WHAT THE TASK REQUIRES:
Look for the line containing "Produktfoto zu African Spirit Sauce, 250 ml" and the line containing "Женский браслет из" in the entries below. Copy those two and all lines between them exactly, leaving out pictures.

SOURCE DATA:
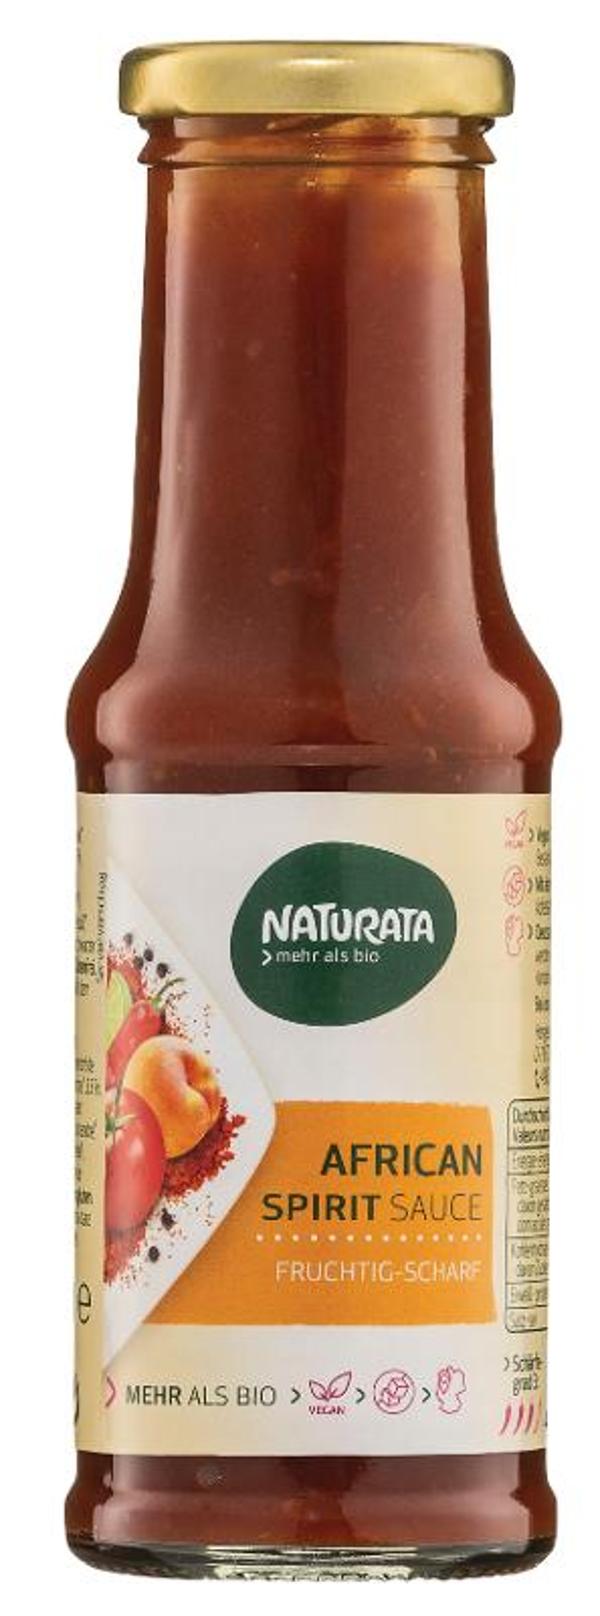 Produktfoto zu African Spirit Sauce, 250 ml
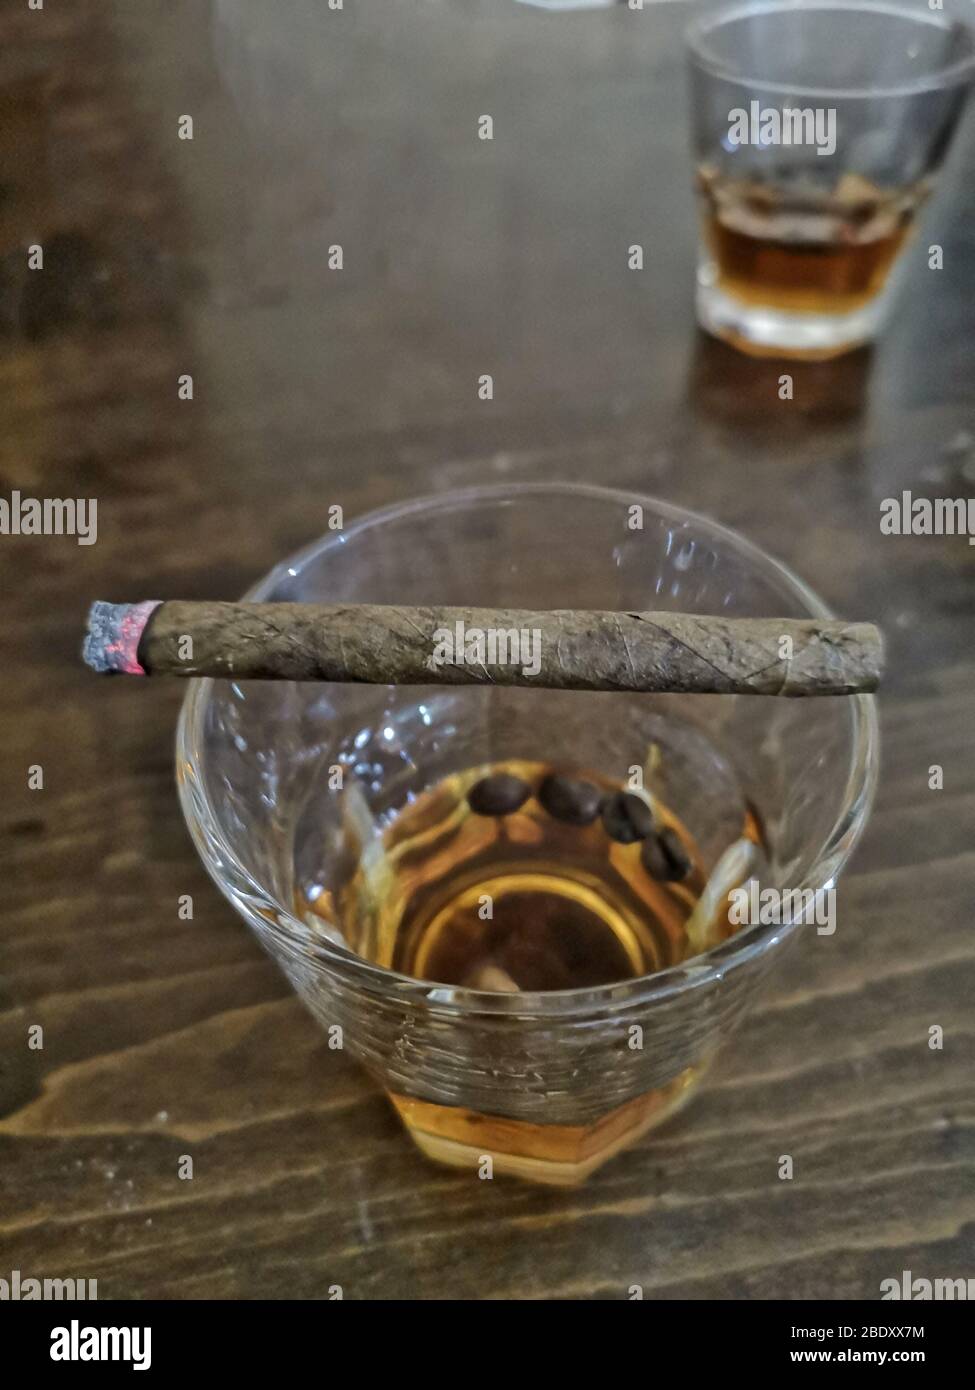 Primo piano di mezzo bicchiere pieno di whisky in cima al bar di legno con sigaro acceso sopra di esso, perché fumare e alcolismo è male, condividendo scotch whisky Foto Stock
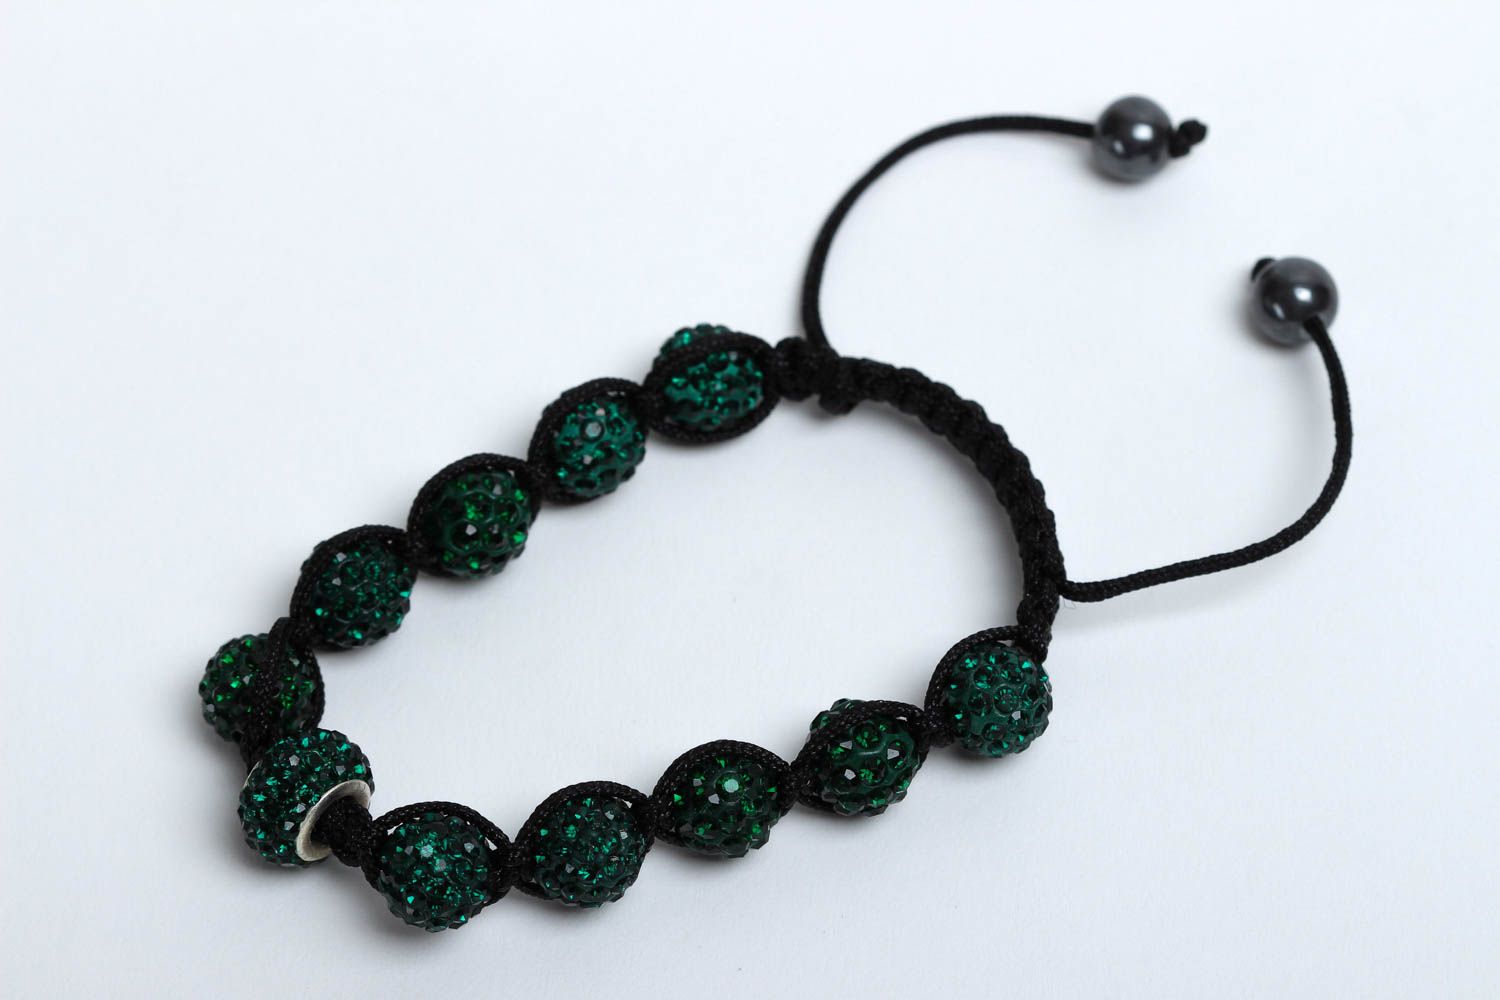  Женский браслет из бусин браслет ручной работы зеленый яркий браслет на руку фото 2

==

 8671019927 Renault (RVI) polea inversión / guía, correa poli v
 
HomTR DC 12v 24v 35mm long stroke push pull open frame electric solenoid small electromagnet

...

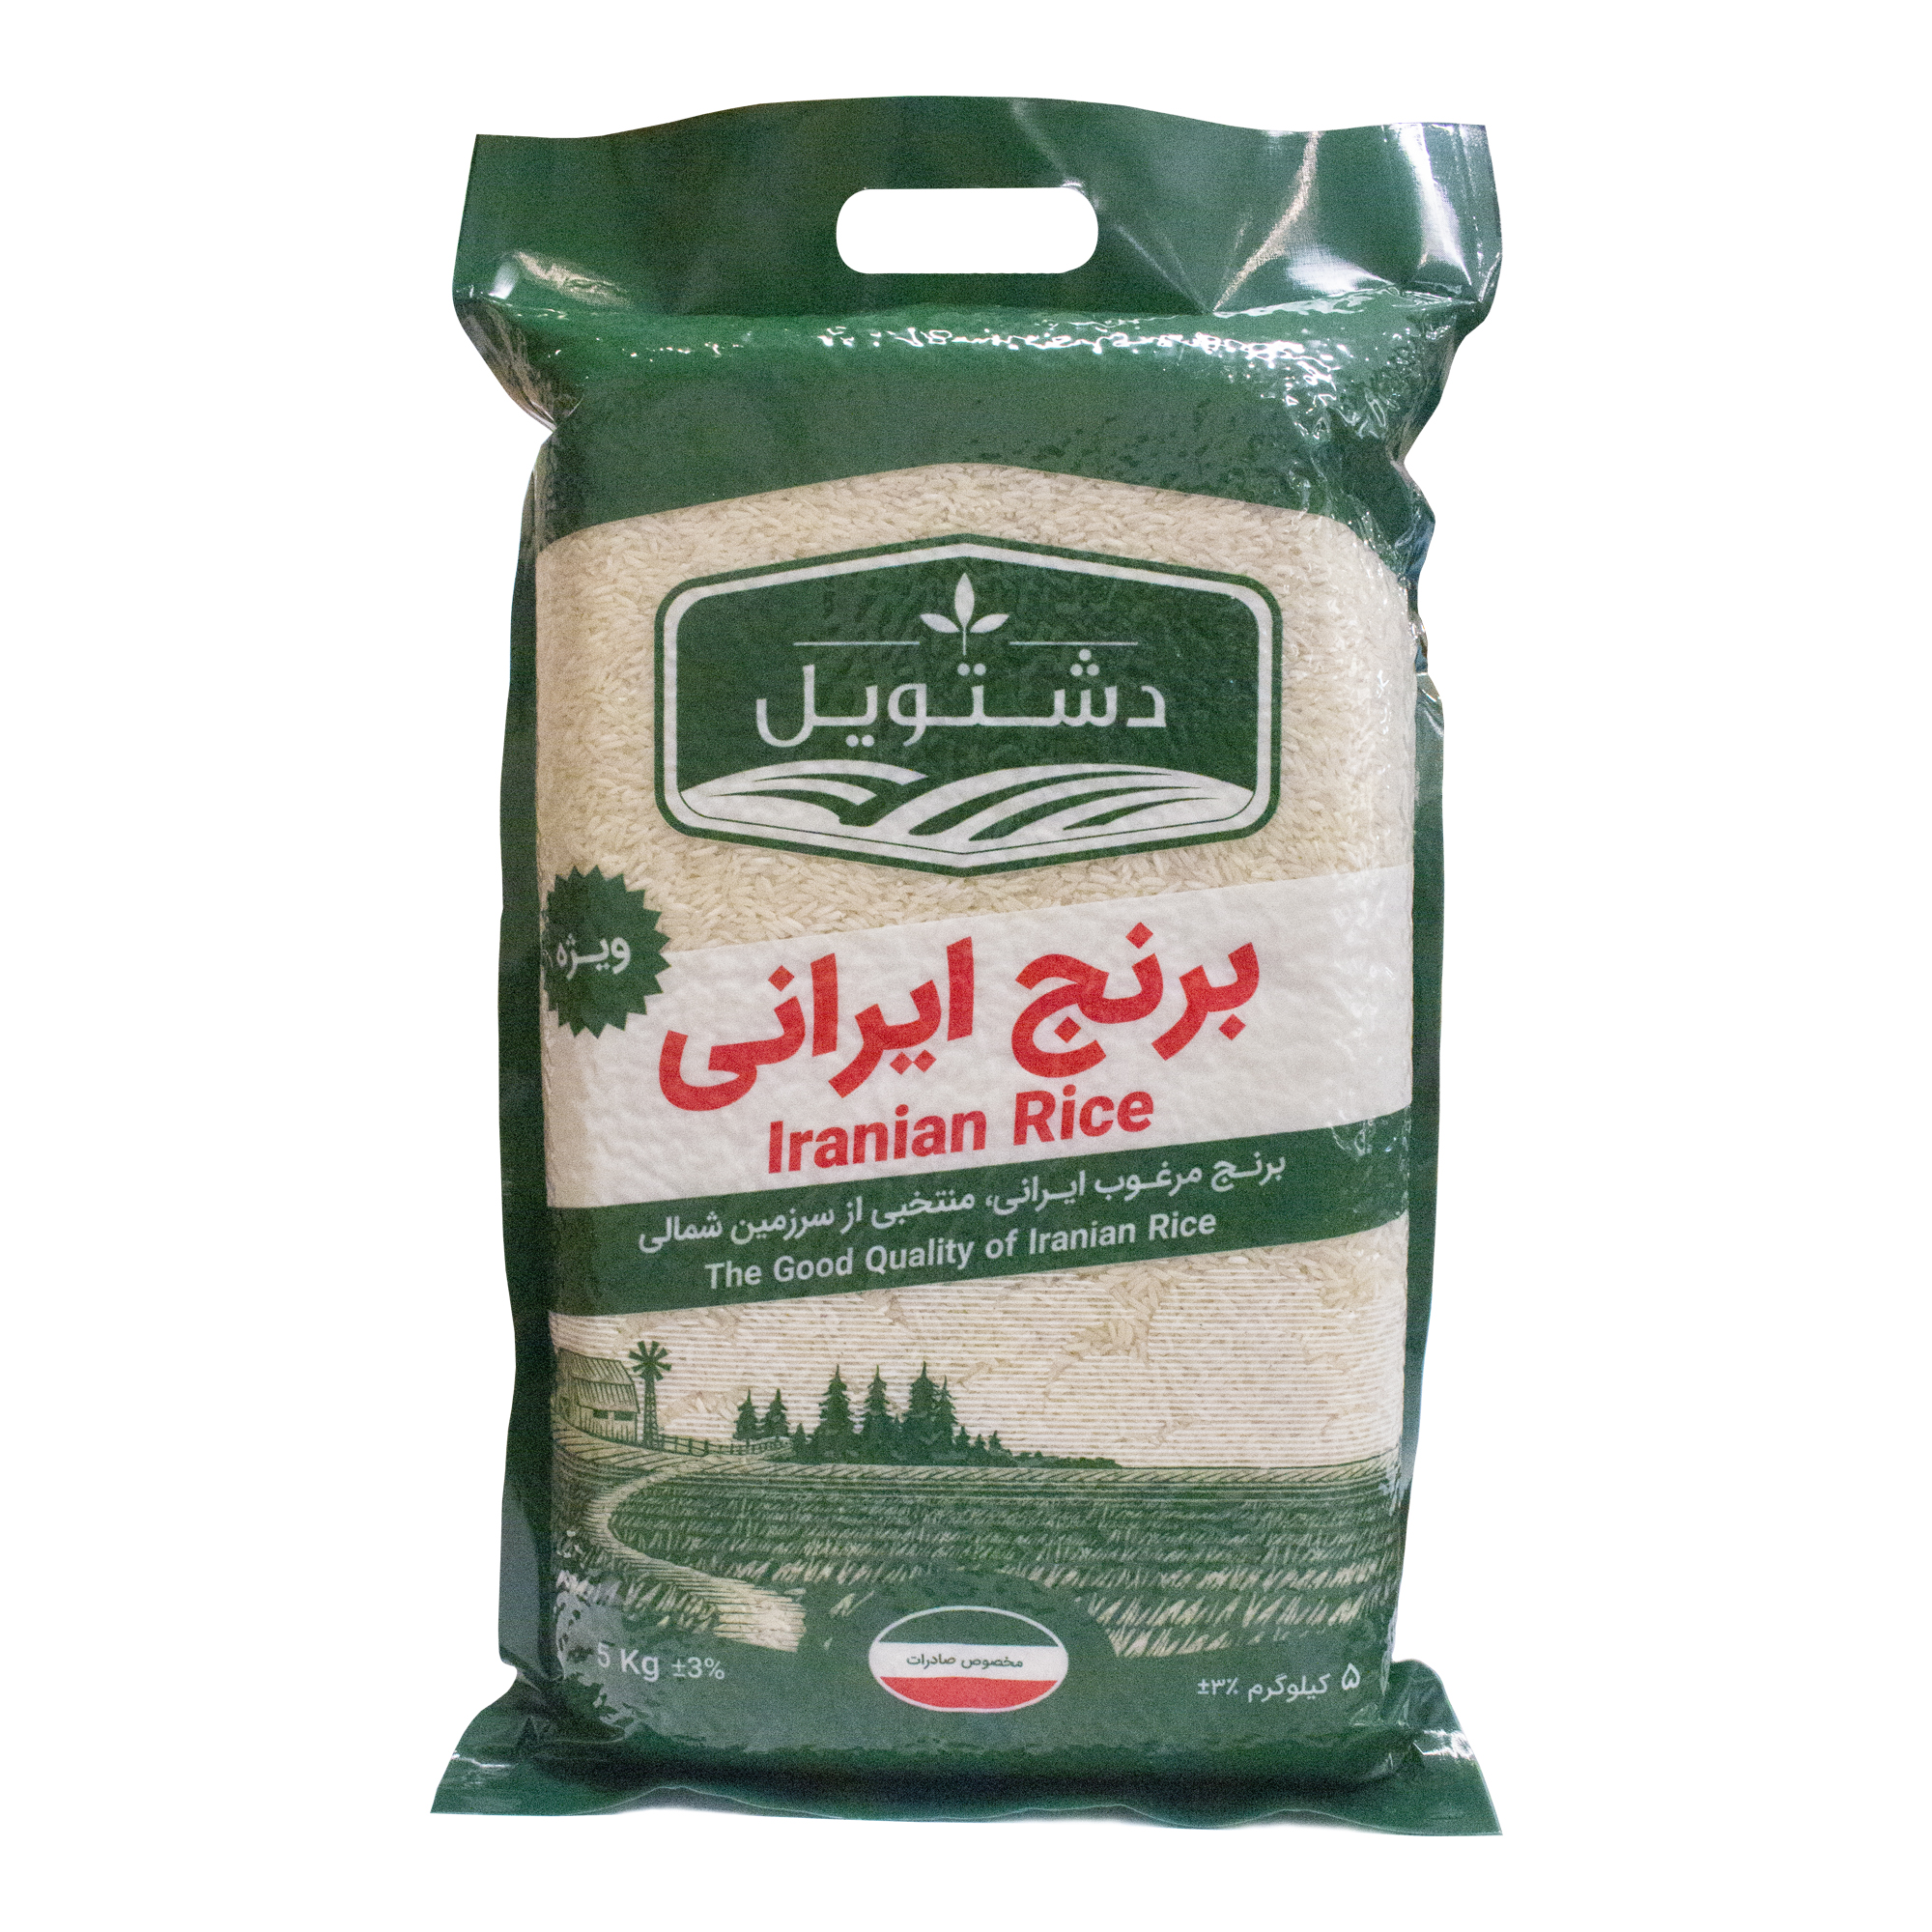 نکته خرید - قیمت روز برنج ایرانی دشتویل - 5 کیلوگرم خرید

ANSWER BOX:
 Produktfoto zu African Spirit Sauce, 250 ml
 Primo piano di mezzo bicchiere pieno di whisky in cima al bar di legno con sigaro acceso sopra di esso, perché fumare e alcolismo è male, condividendo scotch whisky Foto Stock
  Женский браслет из бусин браслет ручной работы зеленый яркий браслет на руку фото 2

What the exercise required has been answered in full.